Structural Pests: A Conversation with Asim Renyard
Debbie Chan— On the topic of communication, can you tell us about how carpenter ants use pheromones and vibrations?
Asim Renyard — Pheromones are useful because they can be dispersed through the air, and they can be followed by others. When an ant emits a pheromone, it will linger in the air and form little plumes, like plumes of smoke. Because these linger, they don’t give very timely information, whereas with vibrations it’s more instantaneous. Carpenter ants will drum their body against the ground to send out a vibration in 360 degrees, which other ants can sense. But here, they have to consider their substrate. If they were to vibrate on dirt, the transmissibility would be very poor, but if they drum onto wood—where they build their homes—that signal will transmit very far, so ants select which communication method will best suit their situation.
Sena Cleave — What does it look like when carpenter ants drum their bodies against the ground?
AR — They’re positioned horizontally on all six legs, and they raise up, like the ant equivalent of standing on their tippy toes, and then they smack their whole body against the ground…
DC — Very fast?
AR — Yeah, we record it in our lab with a high-speed camera. With the naked eye, it just looks like they’re vibrating, but under the slowed footage you can see a very distinct, up and down, smacking motion.
DC — Like doing squats?
AR — Haha! Yeah, and they do a couple different types, too. Sometimes they’ll whack just their butt against the ground, and other times they’ll do something like a heavy metal headbang, where they’ll rear their head up and swing it back down.
SC — With all these different techniques, do carpenter ants ever miscommunicate?
AR — In the sense that the ant receiving a signal misinterprets it?

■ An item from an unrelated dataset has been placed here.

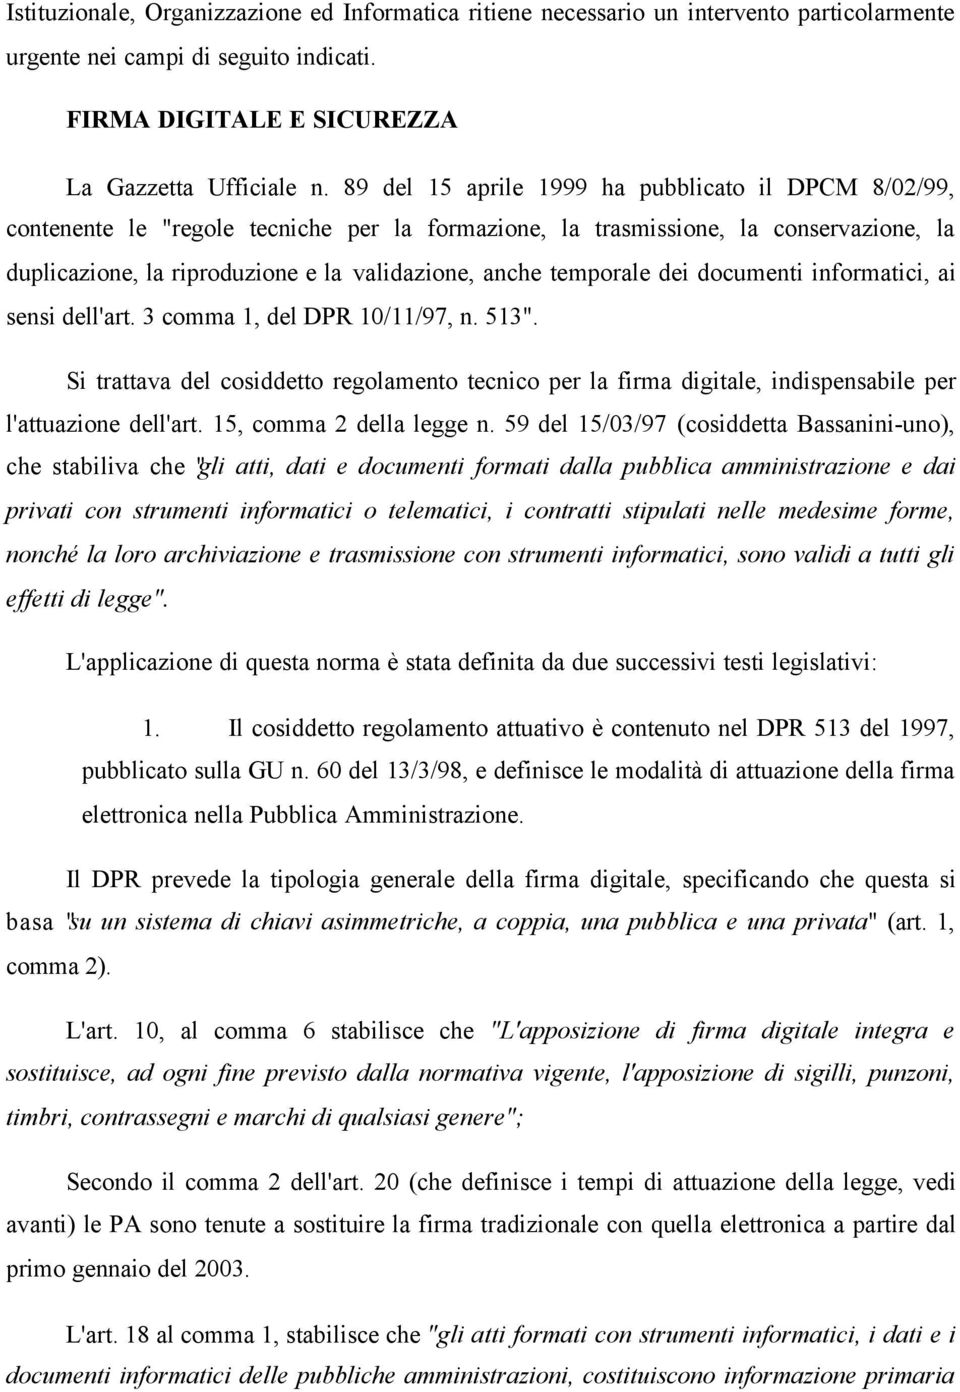 temporale dei documenti informatici, ai sensi dell'art. 3 comma 1, del DPR 10/11/97, n. 513".

SC — Yeah, or I was thinking about how ants leave plumes of pheromones in the air. Can those signals then move, and then draw an ant to the wrong place?
DC — Can it mix with other scents, maybe?
AR — I’d certainly say, in the way I’ve been describing it, it sounds like ants are incredibly sophisticated creatures that don’t make any errors. And, as a group, ants can do phenomenal tasks, but each individual is not that capable. Say, if an ant puts down a trail of pheromones, not all ants are going to follow it. And they may lose their way, or they may decide… well, decide... it’s hard to say if the ants are deciding the way humans do. But they certainly don’t all coordinate perfectly. Sometimes I’ll go feed insects to one of the ant nests we have in the Lab, and I’ll see one ant on one side of the insect, with another ant on the other side, and they’ll both be pulling it in opposite directions.
What leads to a colony's incredible, collective efforts is when most ants decide to do it one way, so there forms a consensus, and they all will respond in that way.
SC — That brings me to the labor of homebuilding, and it seems like the biggest misconception about carpenter ants is that they eat wood.
AR — Carpenter ants excavate wood with their mandibles, which are their pointy mouth parts. They make these elaborate systems of tunnels and galleries to form their homes, and the wood they chew will be dumped outside.
SC — When they're homebuilding in the forest, say in a tree that is alive, is there a chance that they will eventually kill it?
AR — It’s hard to say. Typically they excavate into the heartwood of the tree which, I think, is no longer actively growing.
DC — So they’re not parasitic?
AR — No, probably what's more detrimental is that once carpenter ants are in a tree, they attract predators like woodpeckers, who will bore into the tree trunk.
SC — What about when they chew into buildings, can they destroy a whole infrastructure?
AR — Not really, usually people catch it in time. But they can be a significant structural pest. It’s rare, but, if no one intervenes, they will weaken a building enough that it can collapse. I think there have been reports where the roofs of people’s cabins will cave in because carpenter ants have chewed through the beams.
DC — This makes me wonder about the relationships between carpenter ants and other parts of their environments. Can you speak to the idea of an ecological niche, and where the carpenter ant fits in?
AR — I would say an ecological niche is a collection of all of the interactions an organism has with its environment, both with living aspects and non-living aspects. There’s a give and take, back and forth between an organism and its surroundings.
Ants are known to have many relationships with other species, so much so that many types of ants are considered ecosystem engineers. They’re often a dominant force of change and can transform both the biological and the physical conditions of their environments. That being said, for the carpenter ant, the ecological roles are not very well studied. We have an idea about the kinds of relationships they have—they farm aphids, break down wood, prey on insects, and act as food for larger creatures, for example—but we don’t know the scale of their impact. We’re not yet certain about the extent to which these roles are changing the ecosystem.
2022
This interview was conducted as an early curatorial document for The Couch.
Asim Renyard studies carpenter ants, the species whose homemaking practices inform The Couch’s positionality within art infrastructures. His Ph.D. work in the Gries Lab at SFU centers ants’ decision making and communication techniques.